Pourtant, une critique du Times conclut que le film de Cawston a donné à la nation «une compréhension intime de ce que sont les membres de la famille royale en tant que personnes individuelles sans mettre en péril leur dignité ou perdre le sens de la distance».

L'opération de relations publiques, destinée à dépeindre la famille royale en toute transparence, est un échec.

La fin du mythe

Dans son souci maniaque de contrôle de l'image, la famille royale a pris un énorme risque: tuer la monarchie. Si le public aime penser que les Windsor ne sont pas une famille totalement différente, la normalité peut aussi engendrer la familiarité, si ce n'est le mépris.

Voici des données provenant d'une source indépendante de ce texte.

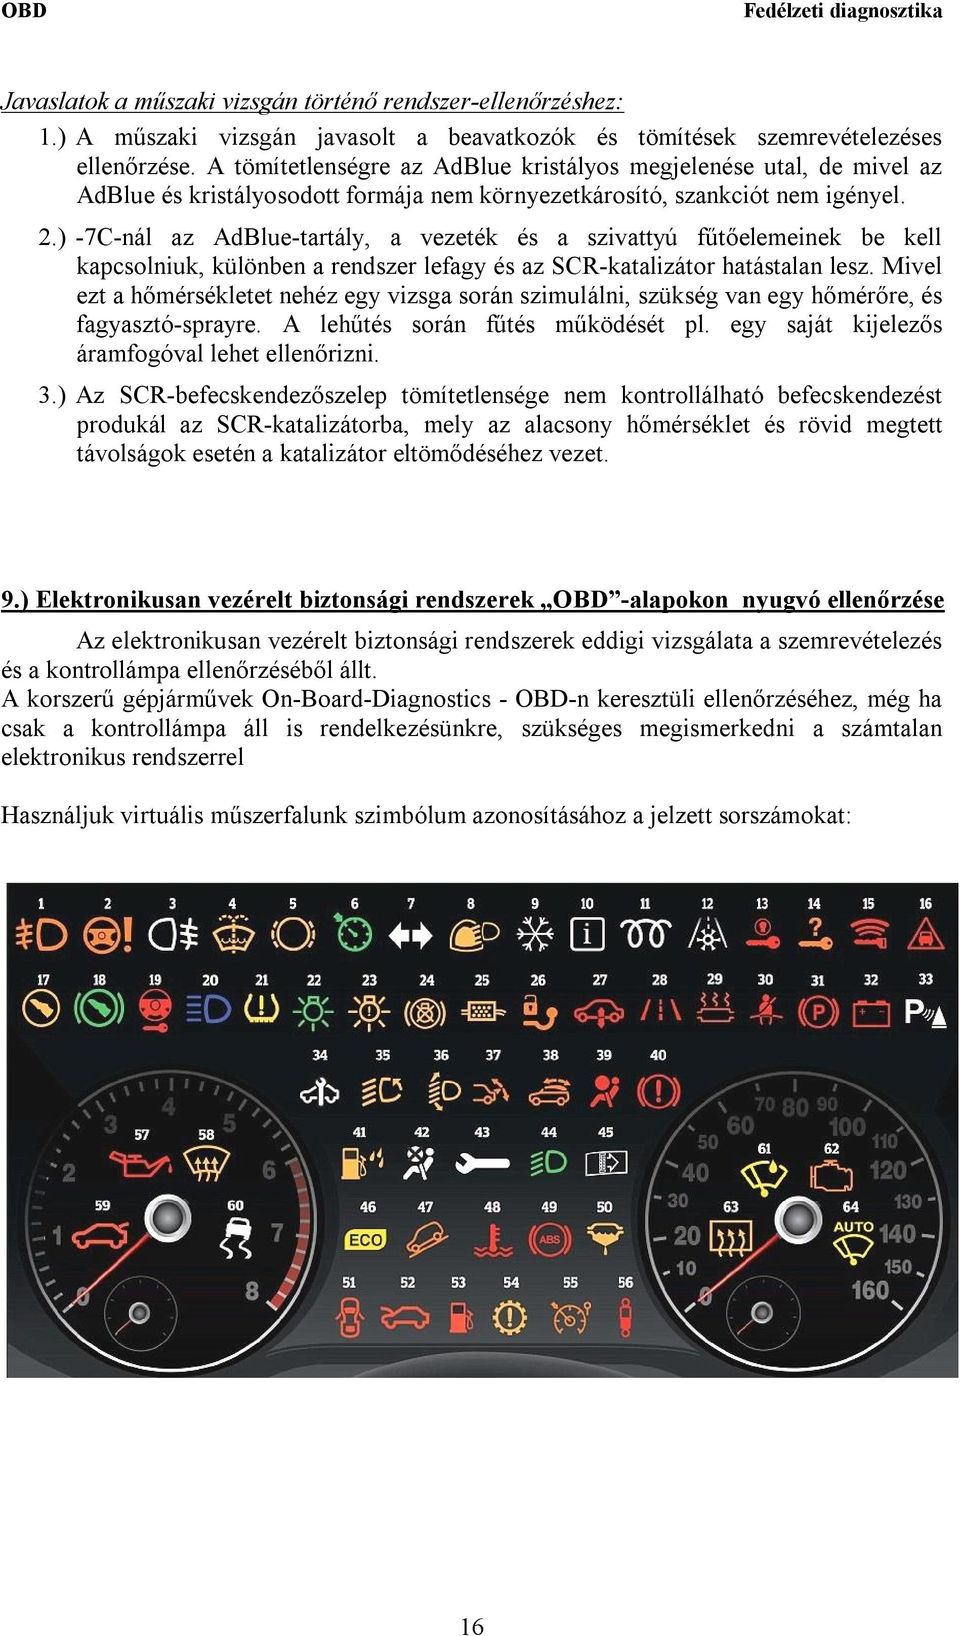 Fiat Hibakod Tablazat Jarmu Specifikaciok

Comme l'écrit très justement, à l'époque de la diffusion, un contrôleur de la BBC, David Attenborough:

«Toute l'institution dépend de la mystique et du chef de tribu dans sa hutte... Si un membre de la tribu voit un jour l'intérieur de la hutte, alors tout le système de la chefferie tribale est endommagé et la tribu finit par se désintégrer.»
La famille royale au complet, en 1972.
La famille royale au complet, en 1972.image: keystone

Elizabeth II est consciente des risques que comportent la démystification de la Couronne et de préserver la magie de l'institution royale. Toute proche du peuple qu'elle est, elle tient plus que tout aux préceptes de la Constitution. Respect mythique et allégeance religieuse sont des rouages essentiels dans une monarchie et on ne les bafoue pas. Résultat: Royal family ne sera plus jamais diffusé et ses rarissimes copies resteront longtemps cadenassées à double tour.

Et pourtant... le voilà de retour!

Après près d'un demi-siècle d'interdiction persistante, les précieuses bobines refont surface inopinément en janvier 2021... sur YouTube. C'est un hacker qui est à l'origine de la diffusion du documentaire qui avait suscité les spéculations les plus folles.

Le voici en intégralité

L'occasion d'une chronique pour le Telegraph, en 2021: «Les Windsor sont totalement sans gêne, naturels, non formés aux médias. C'est comme regarder l'émission de télé-réalité originale... La famille ne sait pas comment on attend d'elle qu'elle se comporte devant la caméra, alors elle se comporte juste comme elle-même». Mission réussie, finalement?